3 — Cosine similarity

score = embedder.similarity("fast car", "quick automobile")
print(score)  # ~0.85

4 — Semantic search

corpus = [
    "The stock market crashed today.",
    "Scientists discover a new planet.",
    "Football team wins the championship.",
    "A new AI model beats human performance.",
]

results = embedder.most_similar("breakthrough in artificial intelligence", corpus, top_k=2)
for sentence, score in results:
    print(f"{score:.3f}  {sentence}")

5 — Disk cache (avoid re-embedding)

from sentence_embedder import SentenceEmbedder, EmbeddingCache

base = SentenceEmbedder()
embedder = EmbeddingCache(base, cache_dir=".cache/embeddings")

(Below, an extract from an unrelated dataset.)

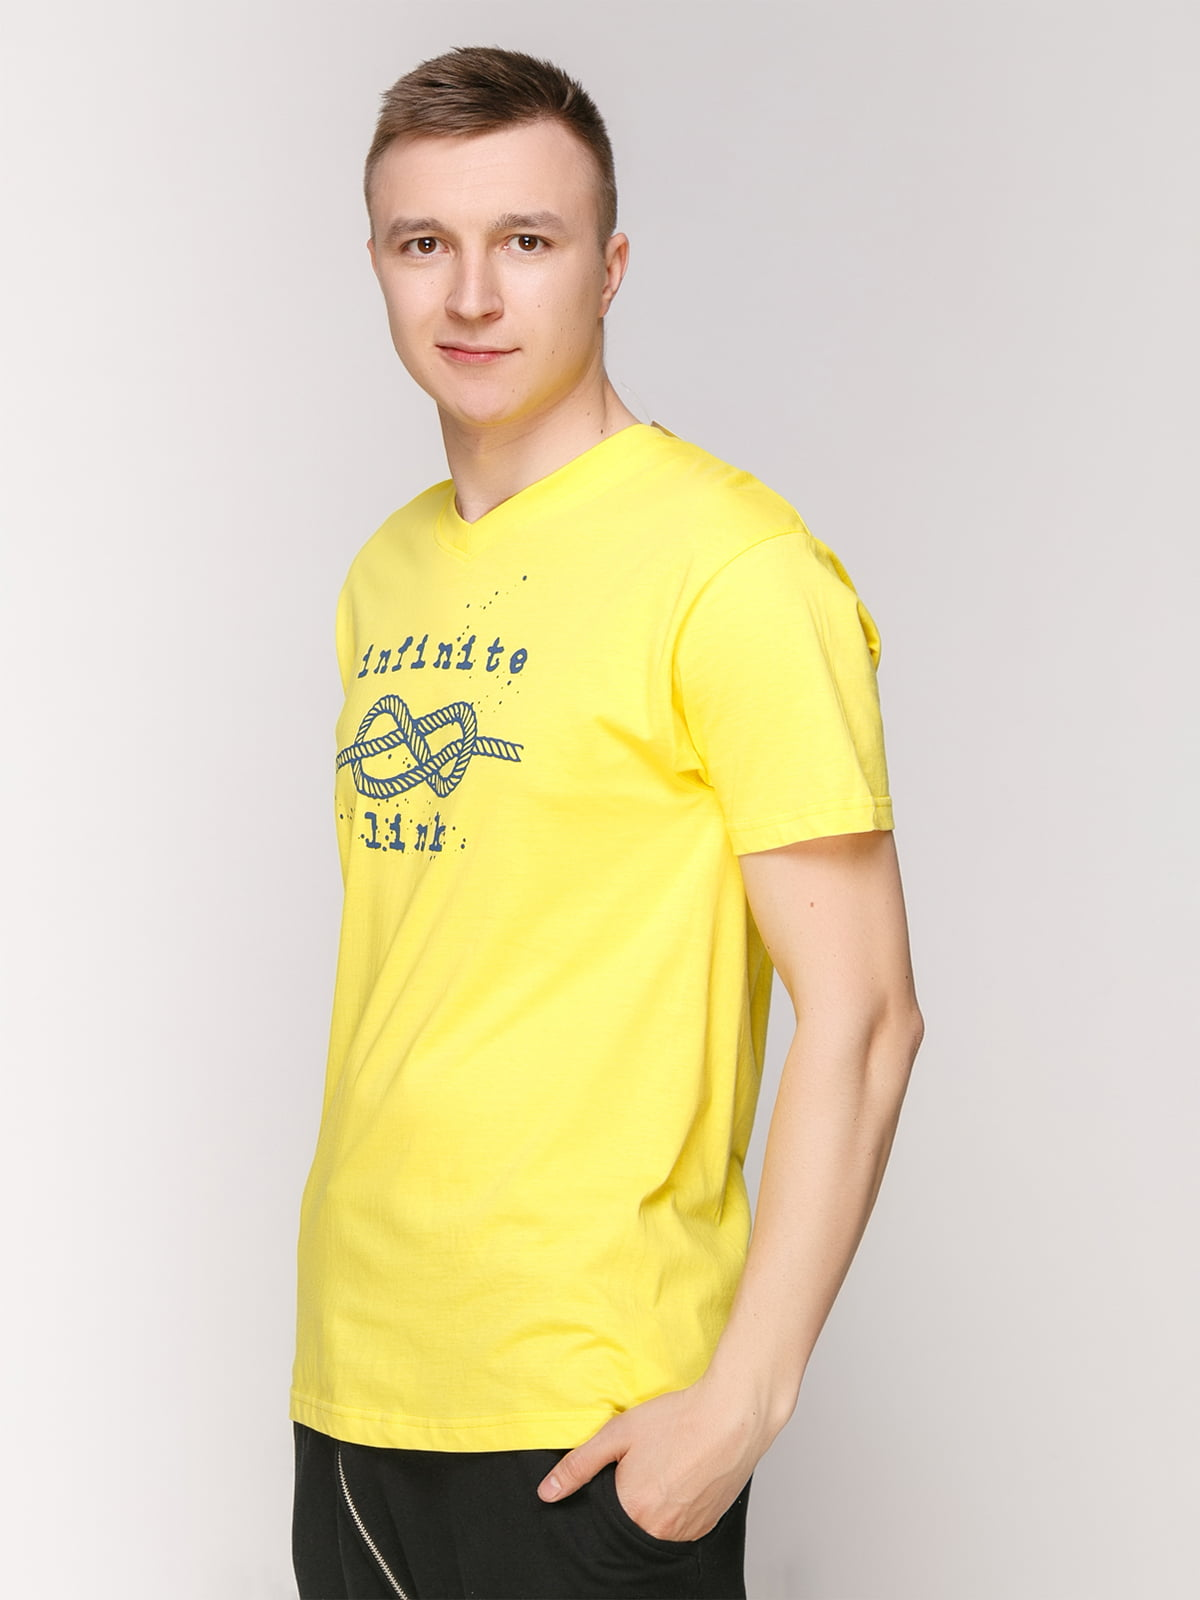 Футболка жовта з принтом | 4495526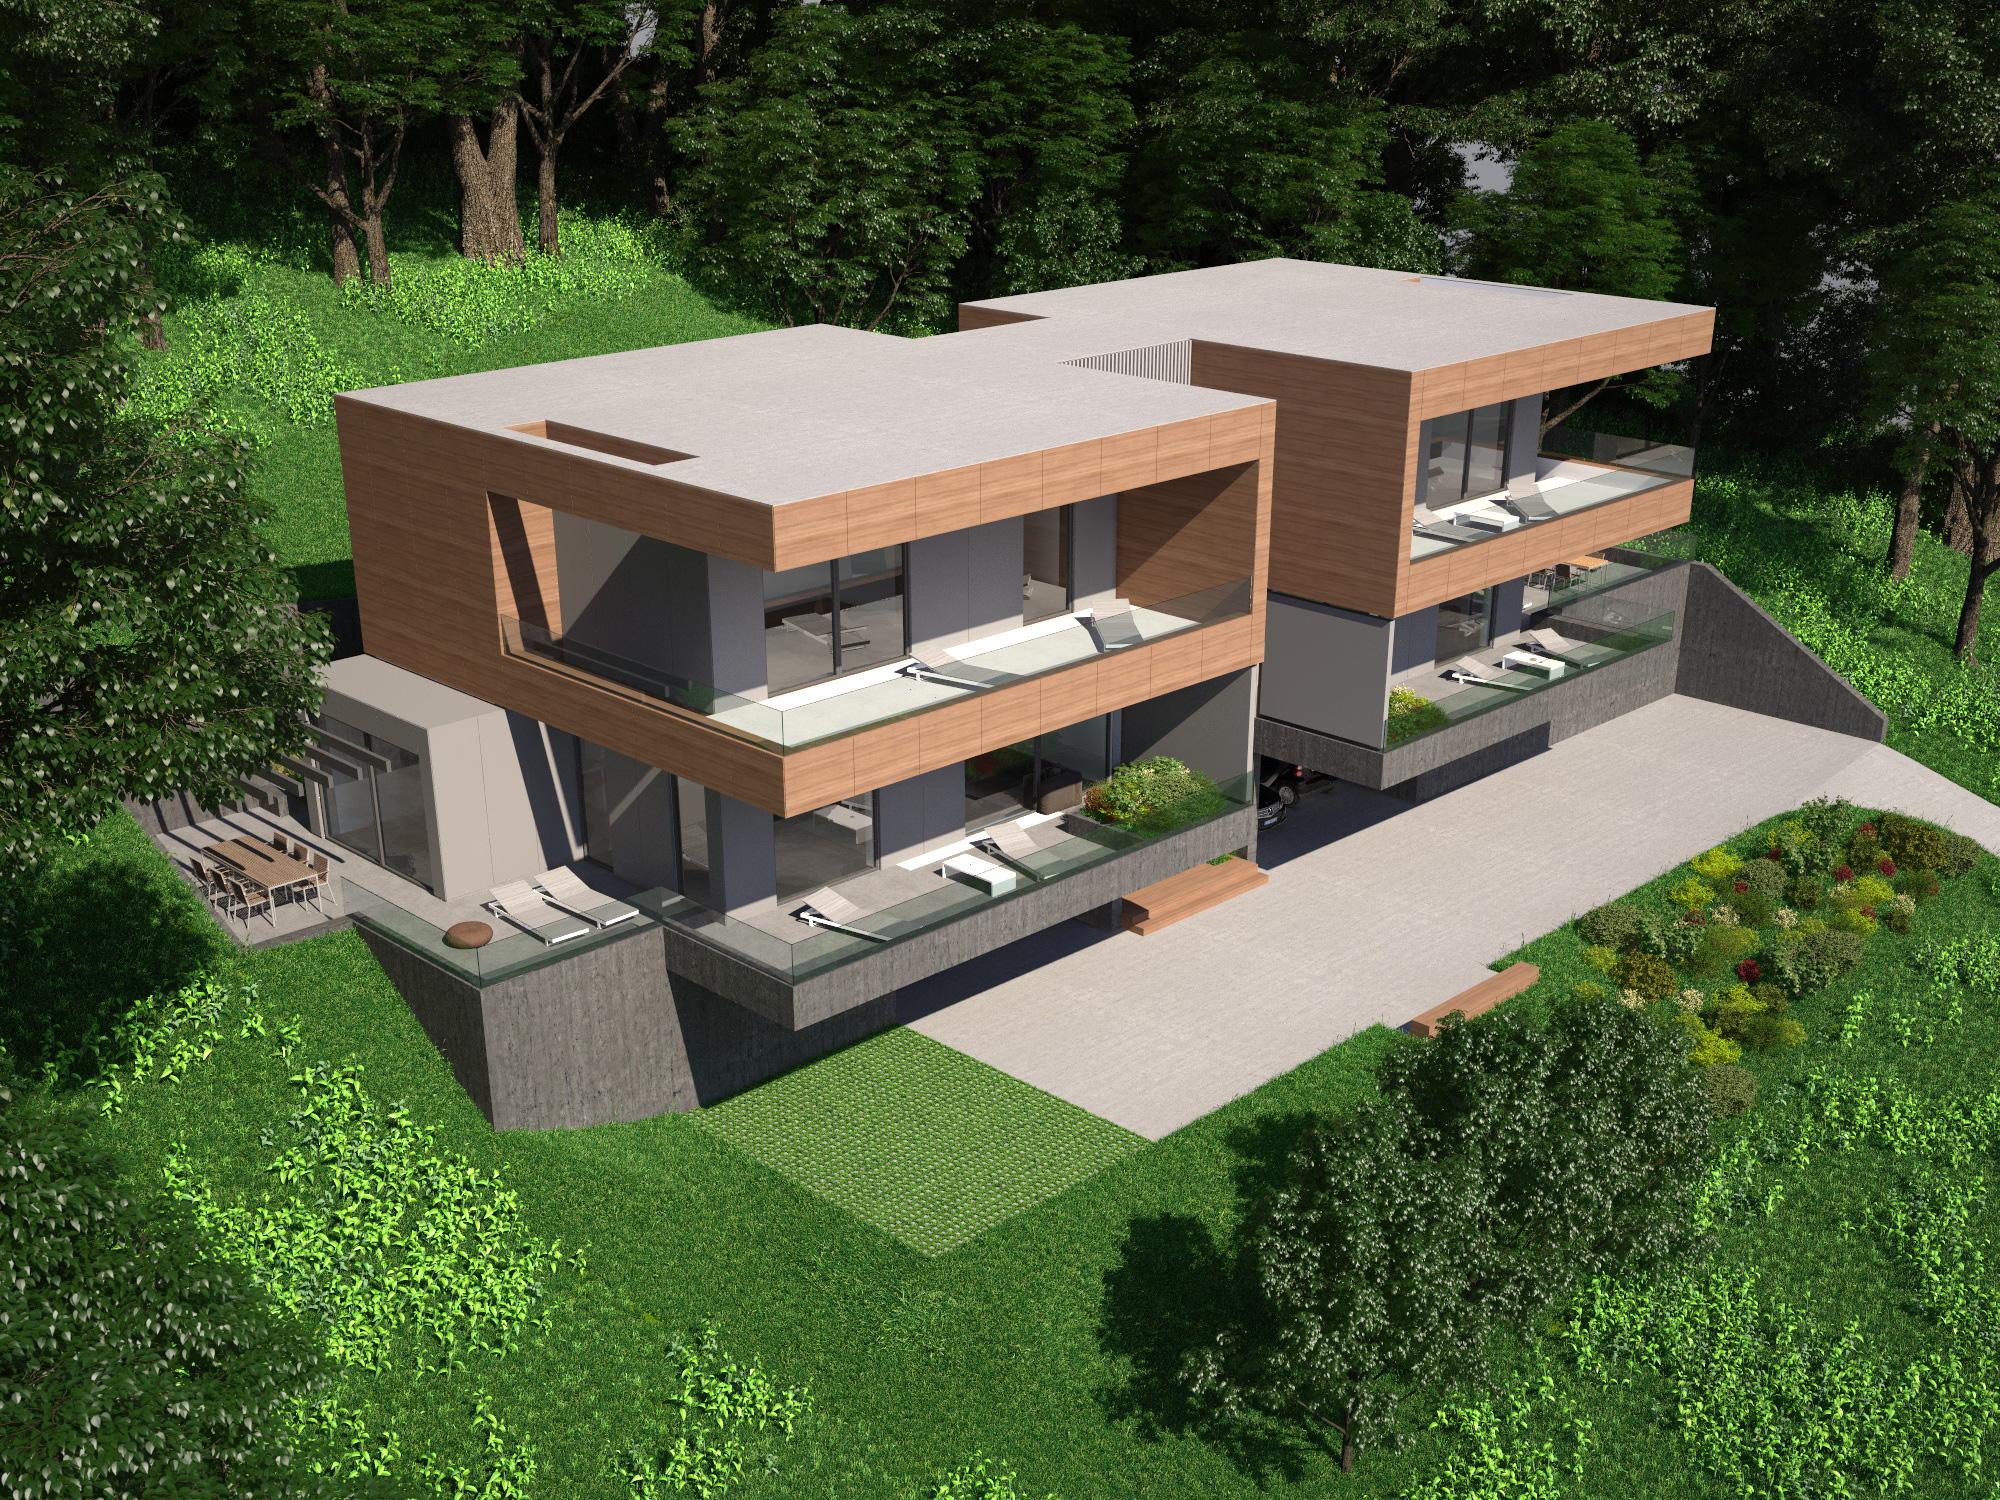 k2-house-01

vec = embedder.embed("Hello world")   # computed → stored on disk
vec = embedder.embed("Hello world")   # loaded from cache instantly

OpenAI Backend

from sentence_embedder import SentenceEmbedder

embedder = SentenceEmbedder(
    backend="openai",
    model_name="text-embedding-3-small",
    openai_api_key="sk-...",   # or set OPENAI_API_KEY env var
)

vec = embedder.embed("Hello from OpenAI!")

API Reference

SentenceEmbedder

Method Signature Description
embed (text: str) → ndarray Embed one sentence → 1-D vector
embed_batch (texts: List[str]) → ndarray Embed many → 2-D array (N, dim)
similarity (a: str, b: str) → float Cosine similarity in [-1, 1]
most_similar (query, corpus, top_k=5) → List[tuple] Ranked (sentence, score) pairs

EmbeddingCache

Method Signature Description
embed (text: str) → ndarray Cache-aware single embed
embed_batch (texts: List[str]) → ndarray Cache-aware batch embed
clear () → None Wipe the cache database

Running Tests

pytest
# With coverage:
pytest --cov=sentence_embedder --cov-report=term-missing

Package Structure

sentence_embedder/
├── sentence_embedder/
│   ├── __init__.py       # Public exports
│   ├── embedder.py       # SentenceEmbedder (core)
│   └── cache.py          # EmbeddingCache (disk cache)
├── tests/
│   └── test_embedder.py  # Unit tests (no model/network needed)
├── pyproject.toml        # Build config & dependencies
└── README.md

Choosing a Model

Model Dim Speed Quality Use case
all-MiniLM-L6-v2 384 ⚡⚡⚡ ★★★ Default, general purpose
all-mpnet-base-v2 768 ⚡⚡ ★★★★ Higher quality
multi-qa-MiniLM-L6-cos-v1 384 ⚡⚡⚡ ★★★★ Q&A / search
text-embedding-3-small (OpenAI) 1536 API ★★★★★ Best quality, needs key

Project details


Download files

Download the file for your platform. If you're not sure which to choose, learn more about installing packages.

Source Distribution

sentence_embedder-1.0.0.tar.gz (9.7 kB view details)

Uploaded Source

Built Distribution

If you're not sure about the file name format, learn more about wheel file names.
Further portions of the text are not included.